SELEBI: Percussion-aware Time Stretching via Selective Magnitude Spectrogram Compression by Nonstationary Gabor Transform
Natsuki Akaishi, Nicki Holighaus, Kohei Yatabe
TL;DR
This work tackles percussion smearing in phase vocoder–based time stretching by addressing a fundamental phase–magnitude mismatch. It introduces SELEBI, a signal-adaptive method that uses the Nonstationary Gabor Transform to selectively compress the magnitude spectrogram around percussive events, yielding temporally localized transients while preserving energy and enabling stable reconstruction. By combining onset-based compression rates with adaptive window lengths and hop sizes, SELEBI achieves sharpened transients and preserved tonal content, outperforming classical PV methods and other percussion-aware approaches, particularly at high stretch factors. The results demonstrate substantial improvements in both objective spectral accuracy and subjective perceptual quality, with potential for online bounded-delay deployment in real-time audio processing.
Abstract
Phase vocoder-based time-stretching is a widely used technique for the time-scale modification of audio signals.
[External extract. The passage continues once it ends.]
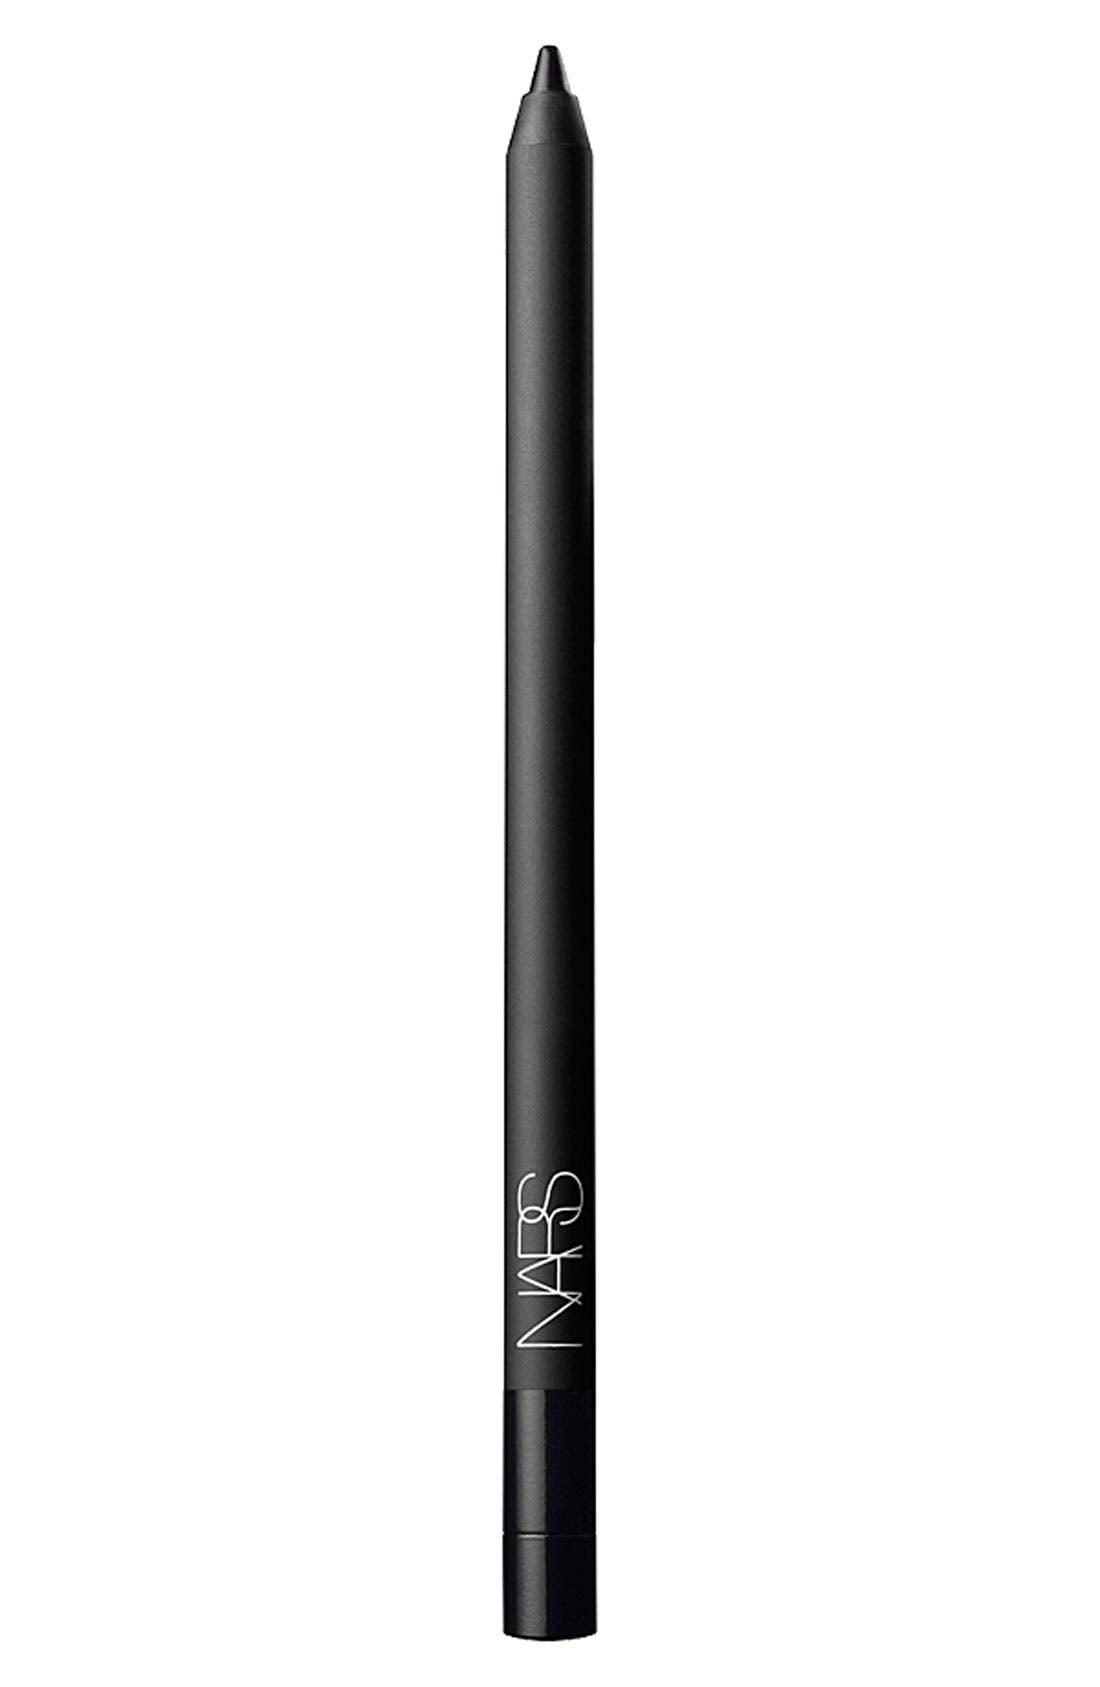 NARS, Larger Than Life Long Wear Eyeliner, Main thumbnail 1, color, VIA VENETO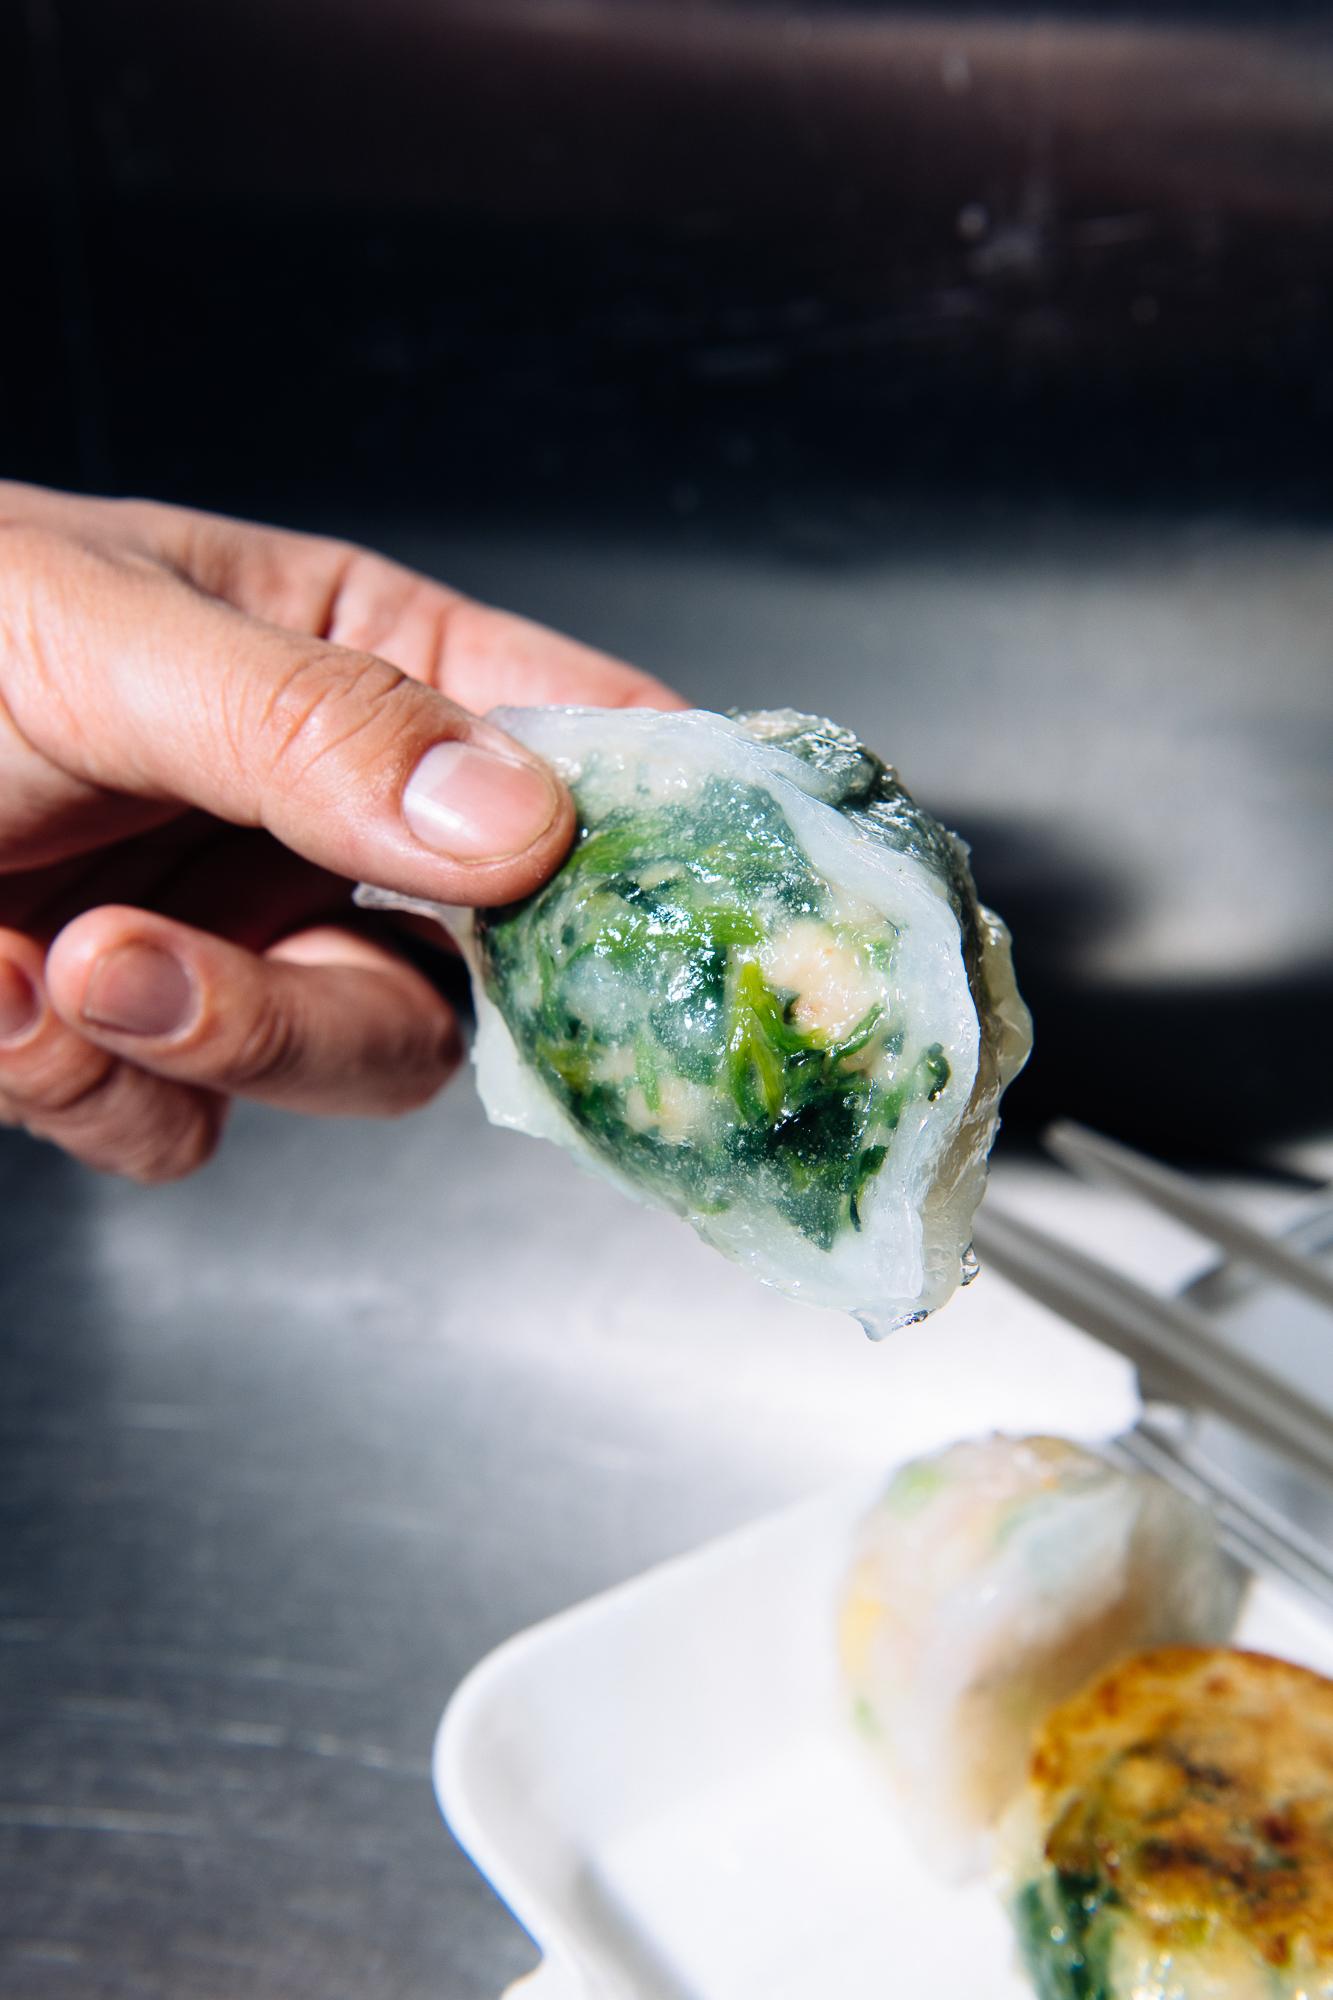 Watercress and shrimp crystal dumplings at Corner 28 in Flushing, Queens

However, conventional implementations suffer from ``percussion smearing,'' a well-known artifact that significantly degrades the quality of percussive components. We attribute this artifact to a fundamental time-scale mismatch between the temporally smeared magnitude spectrogram and the localized, newly generated phase. To address this, we propose SELEBI, a signal-adaptive phase vocoder algorithm that significantly reduces percussion smearing while preserving stability and the perfect reconstruction property. Unlike conventional methods that rely on heuristic processing or component separation, our approach leverages the nonstationary Gabor transform. By dynamically adapting analysis window lengths to assign short windows to intervals containing significant energy associated with percussive components, we directly compute a temporally localized magnitude spectrogram from the time-domain signal. This approach ensures greater consistency between the temporal structures of the magnitude and phase. Furthermore, the perfect reconstruction property of the nonstationary Gabor transform guarantees stable, high-fidelity signal synthesis, in contrast to previous heuristic approaches. Experimental results demonstrate that the proposed method effectively mitigates percussion smearing and yields natural sound quality.